Capital Gains Tax + Strategy = Jobs
Capital Gains Tax + Strategy = Jobs
Introducing
Capital Gains Tax would bring New Zealand one step closer to
rebalancing the economy in favour of exports and jobs
instead of imports and passive asset inflation, says Selwyn
Pellett of the Productive Economy Council.
While we must wait till next week for details of Labour's proposal, the PEC, like Treasury, RBNZ, New Zealand Exporters and Manufacturers Association and the Tax Working Group, favours a broadening of the tax base to include a tax on capital.
There are three fundamentally important reasons the country needs a Capital Gain Tax:
1)The government's high borrowing, on top of an already high net foreign debt is causing our country to be uncompetitive in exports outside of the primary sector. While diary and other primary exports are a critical part of our future, they do not create many new jobs. As such they are capable of neither sustaining an increasing population base nor providing the high standard of living those leaving New Zealand clearly desire.
2)A broader lower tax base is desirable for both compliance and efficiency. Much of what was said in the Tax Working Group's paper was about the unfairness of the current tax system and its effects on compliance. A Capital Gains Tax alongside other tax changes already implemented largely addresses those concerns.

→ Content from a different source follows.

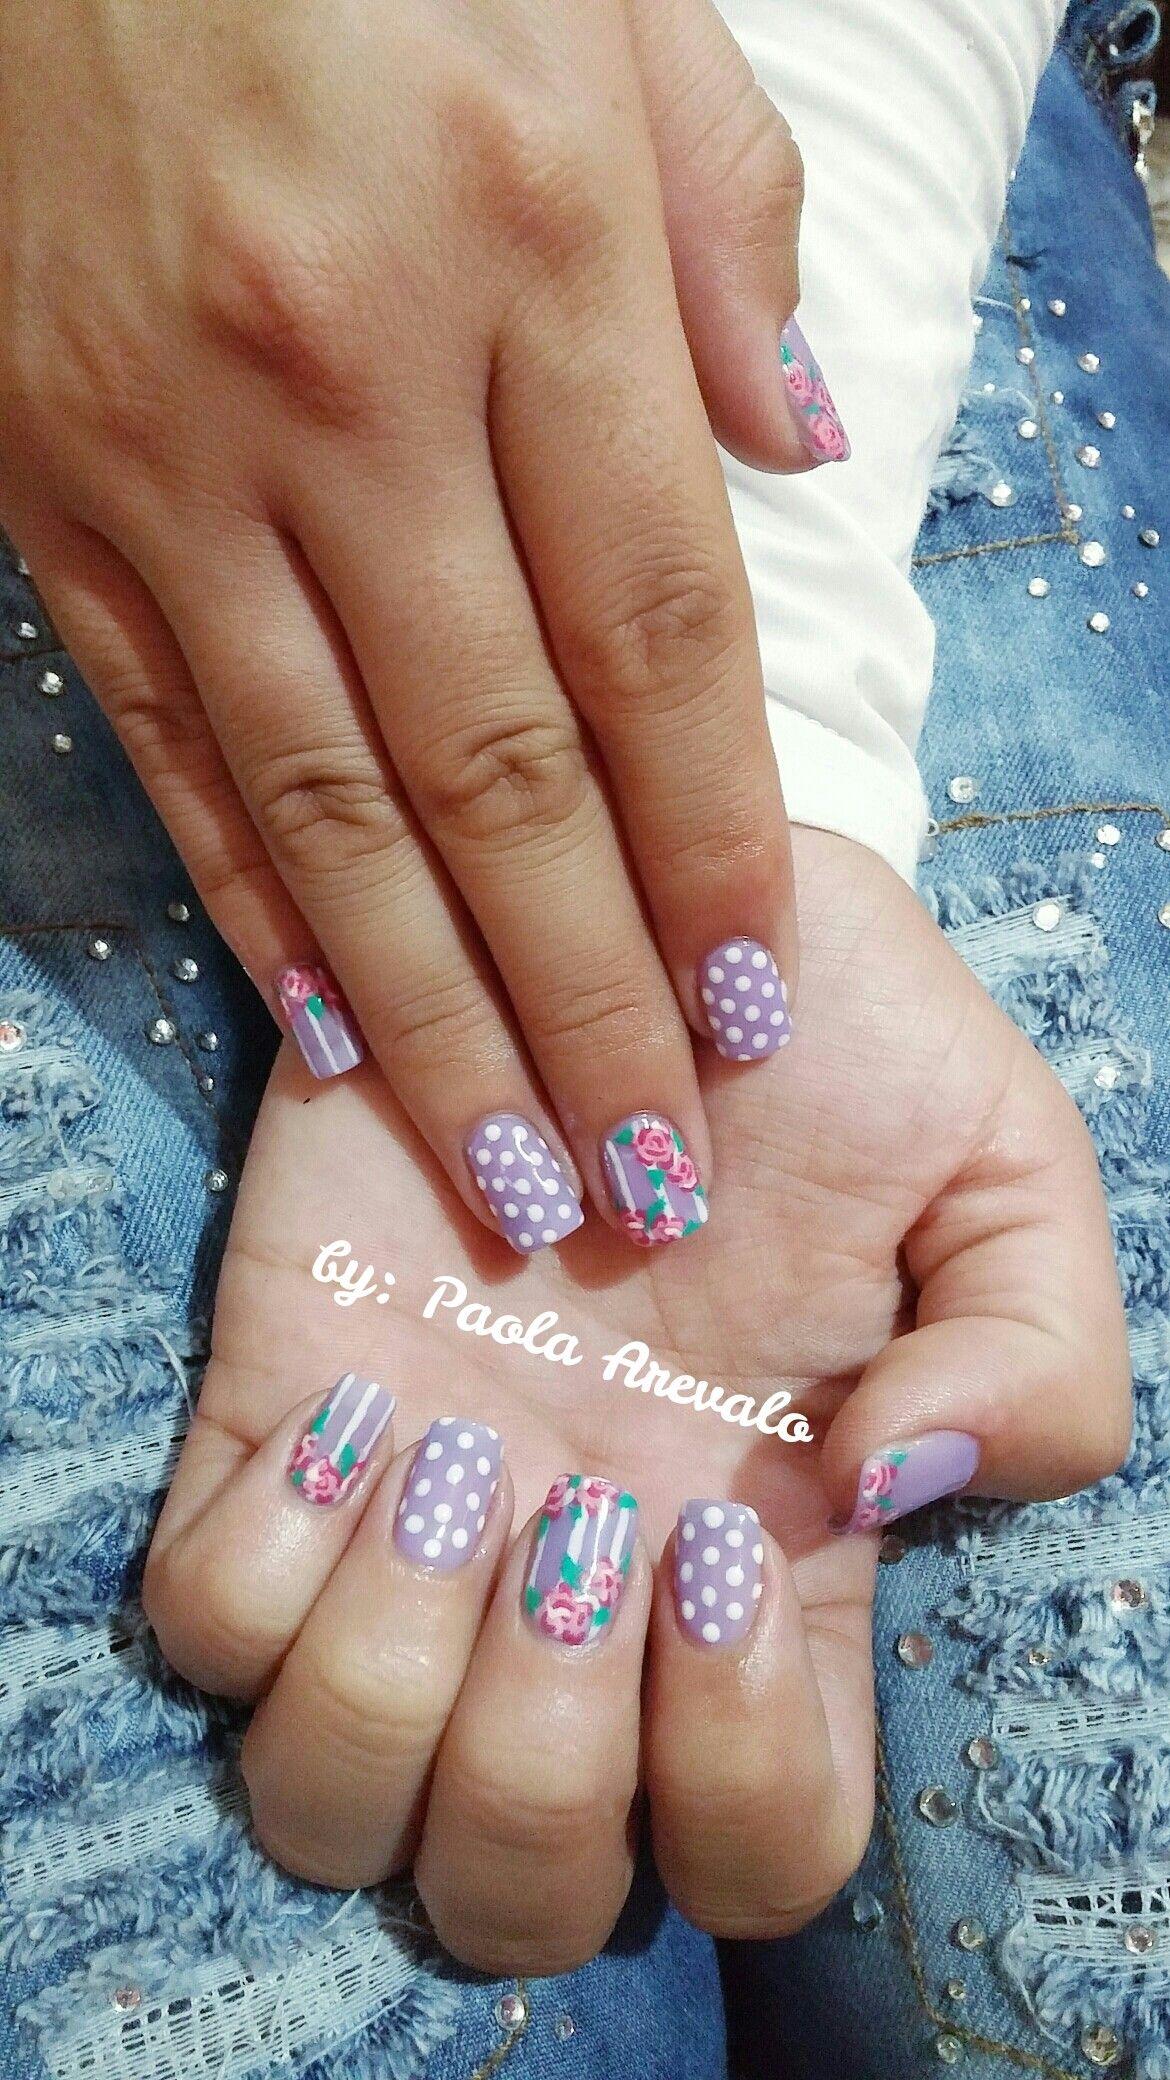 Uñas gelish moradas decoradas con flores rosadas, puntos y lineas ...

3)A Capital Gains Tax sends the right signals for investors and means those choosing to take the path of unproductive property investment will have to pay their fair share of tax. While fairness in tax is good the real long term benefit is the chance to get more of our limited capital invested in making New Zealand more, not less, competitive.

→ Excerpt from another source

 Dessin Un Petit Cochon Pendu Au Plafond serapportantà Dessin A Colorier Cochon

Many will not understand how these points affect their lives but they all effect our ability to compete with the world and the strong evidence is we are failing in that regard. Exports have been declining since 2004 which correlates with the rapid asset inflation of property and the emergence of sustained, high interest rates and a high dollar. Today our exchange rate swings around the fortunes of our diary industry and while that to some extent buffers our economy, it simultaneously kills our differentiated manufacturers and exporters - preventing the very thing we need most, an expansion of our export base.

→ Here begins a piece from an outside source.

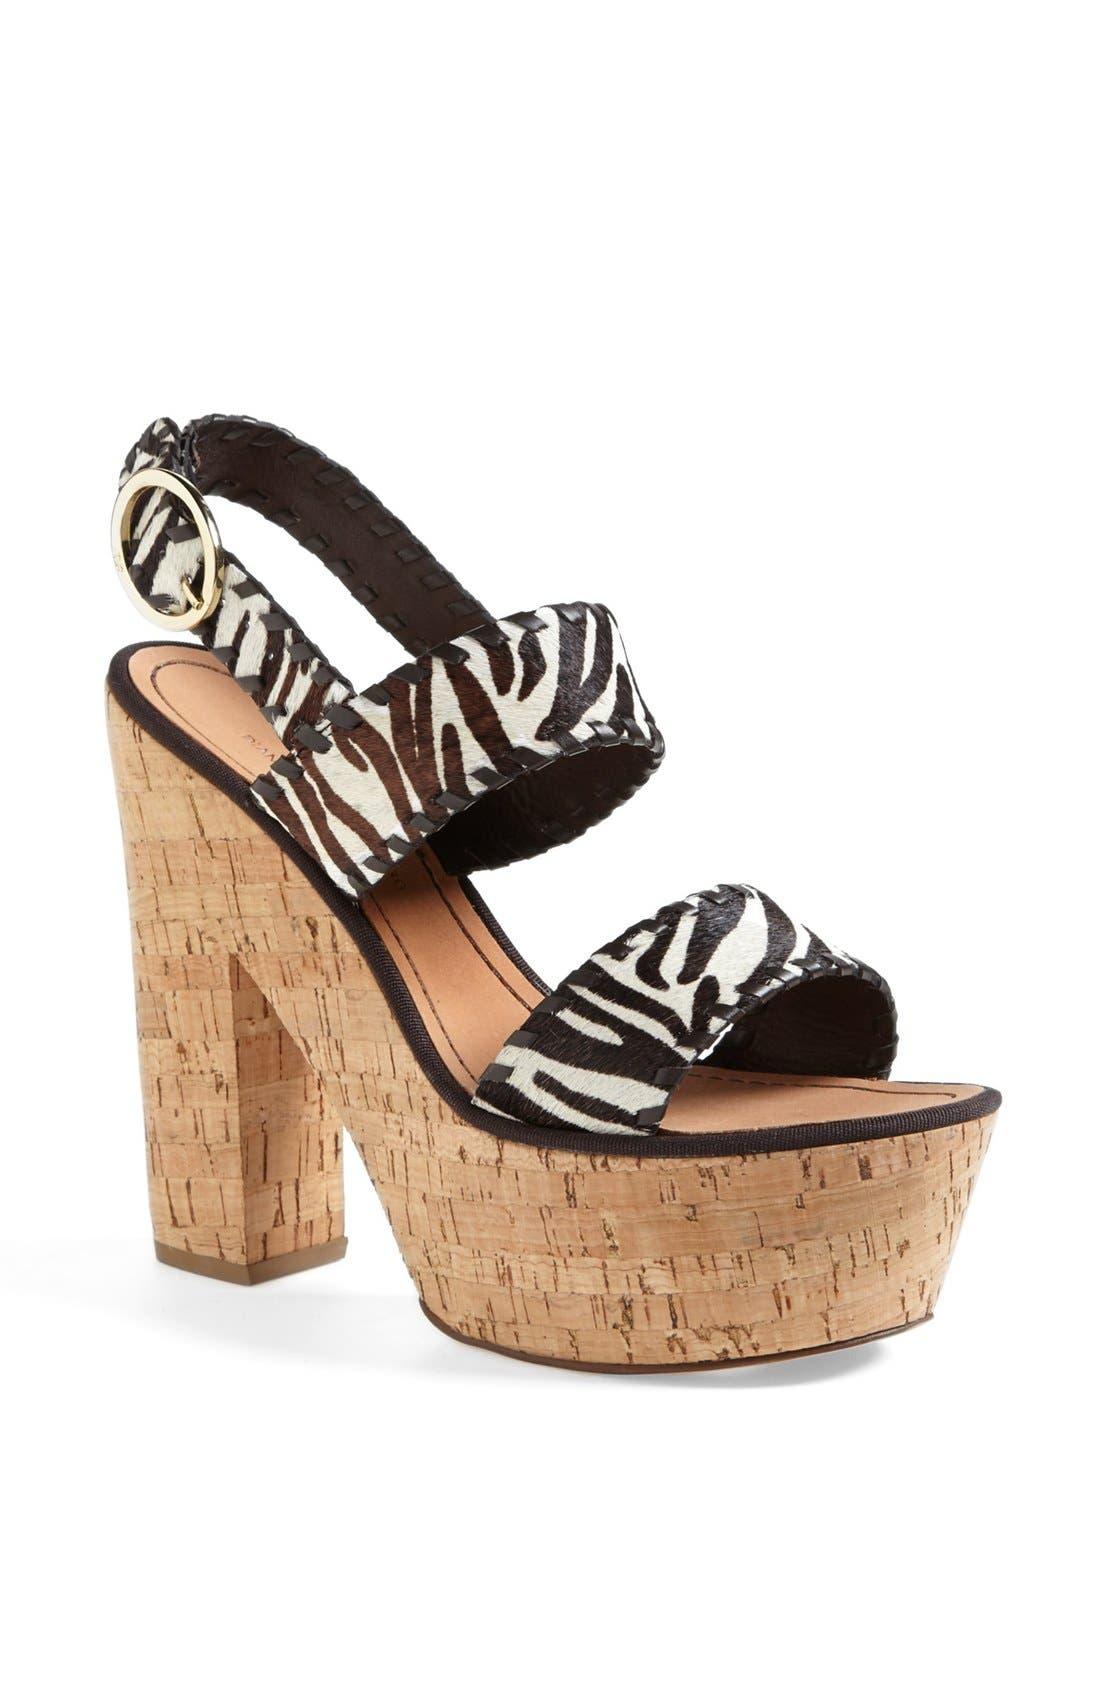 Main Image - Diane von Furstenberg 'Remy' Sandal

Many things have to happen to address this downward spiral but getting investment into the productive side of the economy is first and foremost, followed by the need to stop borrowing as a Nation and to cease funding asset inflation. Capital Gains Tax combined with investment in Research and Development, and an expansion of the Reserve Bank Act's objectives to include not just inflation targeting but also jobs and exports are the beginnings of a productive economy strategy we will fully endorse.